Specific Aims: (1) To evaluate the feasibility and acceptability of the assessment of patients HRQOL at home using smartphones with PROMIS®-CAT measures integrated into a SCD-app; (2) To examine the effect of the frequency of HRQOL assessments on participants' completion rate over 24-week period with HRQOL evaluated every 2 weeks (Group 1) vs. every 4 weeks (Group 2); and (3) To explore participants' experience and preferences with the process and the frequency of HRQOL assessment at home using their smartphones with PROMIS®-CAT measures integrated into a SCD-app as a user-centered approach.
Hypotheses: The assessment of patients' HRQOL at home using a SCD smartphone application (app) platform is feasible and acceptable, and that less frequent assessments of HRQOL at home will have an overall higher completion rate when compared to more frequent ones.
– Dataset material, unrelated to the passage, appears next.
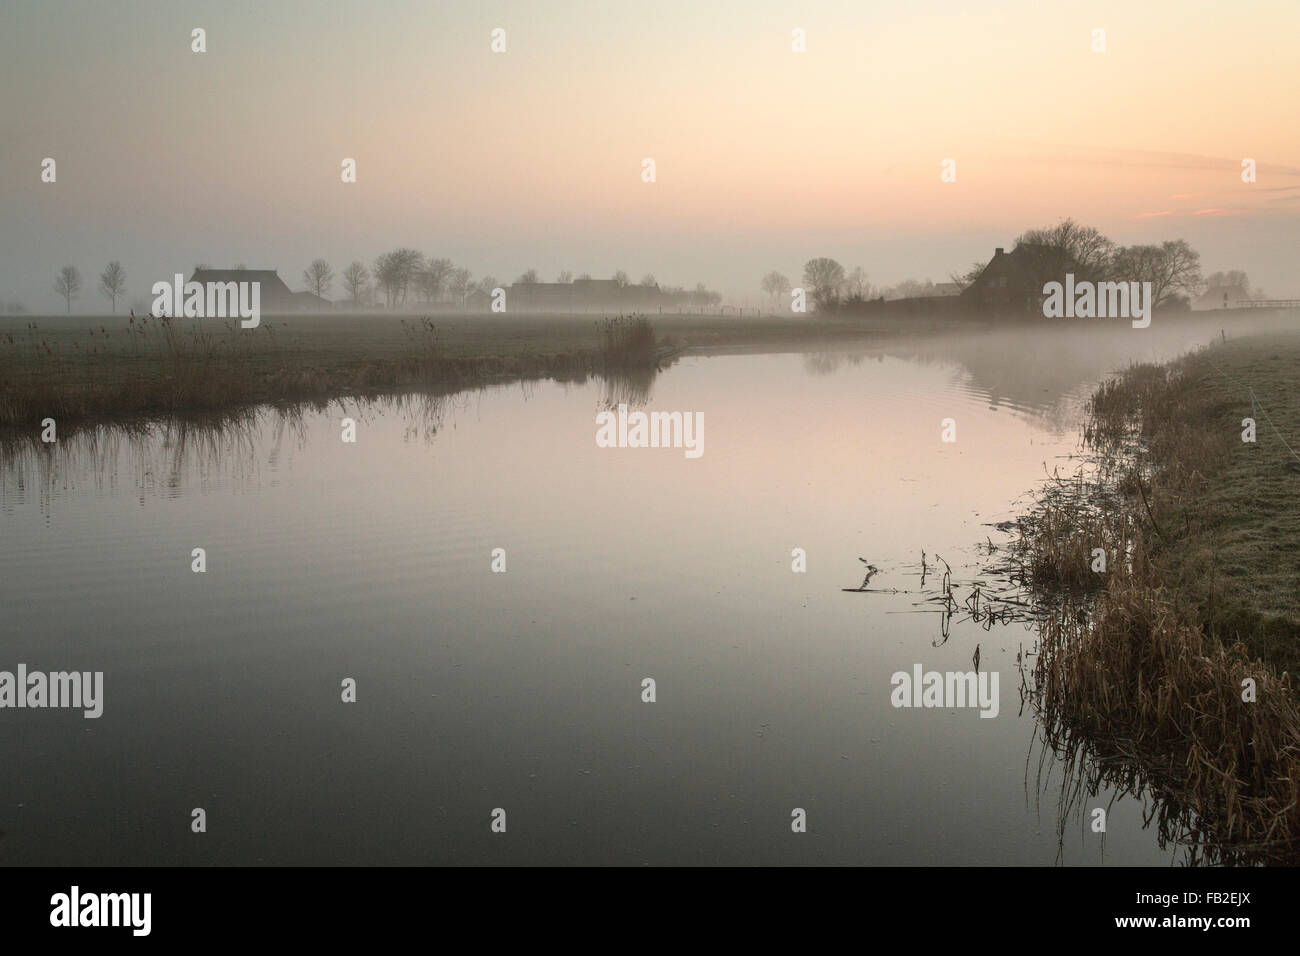 Paesi Bassi, Ee, fattorie vicino torrente chiamato Zuider Ee nella nebbia di mattina Foto Stock

Methods: In this pilot randomized trial, patients and their parents were enrolled from comprehensive sickle cell clinic at Lurie Children's Hospital of Chicago. Patients were eligible if they were 12 years or older and had a SCD diagnosis. Loaner smartphones were provided to eligible participants who did not have access to a smartphone. Participants were randomly assigned to either Group A (every 2 weeks) or Group B (every 4 weeks) HRQOL assessment using PROMIS®-CAT measures using our SCD-app. PROMIS®-CAT measures included fatigue, pain intensity, depression, anxiety and peer relationships. At enrollment, participants had SCD-app downloaded and set-up on their smartphones and completed demographics and technology comfort questionnaire. At the end of the study, participants completed a semi-structured interview with an app usability evaluation as well as acceptability and satisfaction questionnaires.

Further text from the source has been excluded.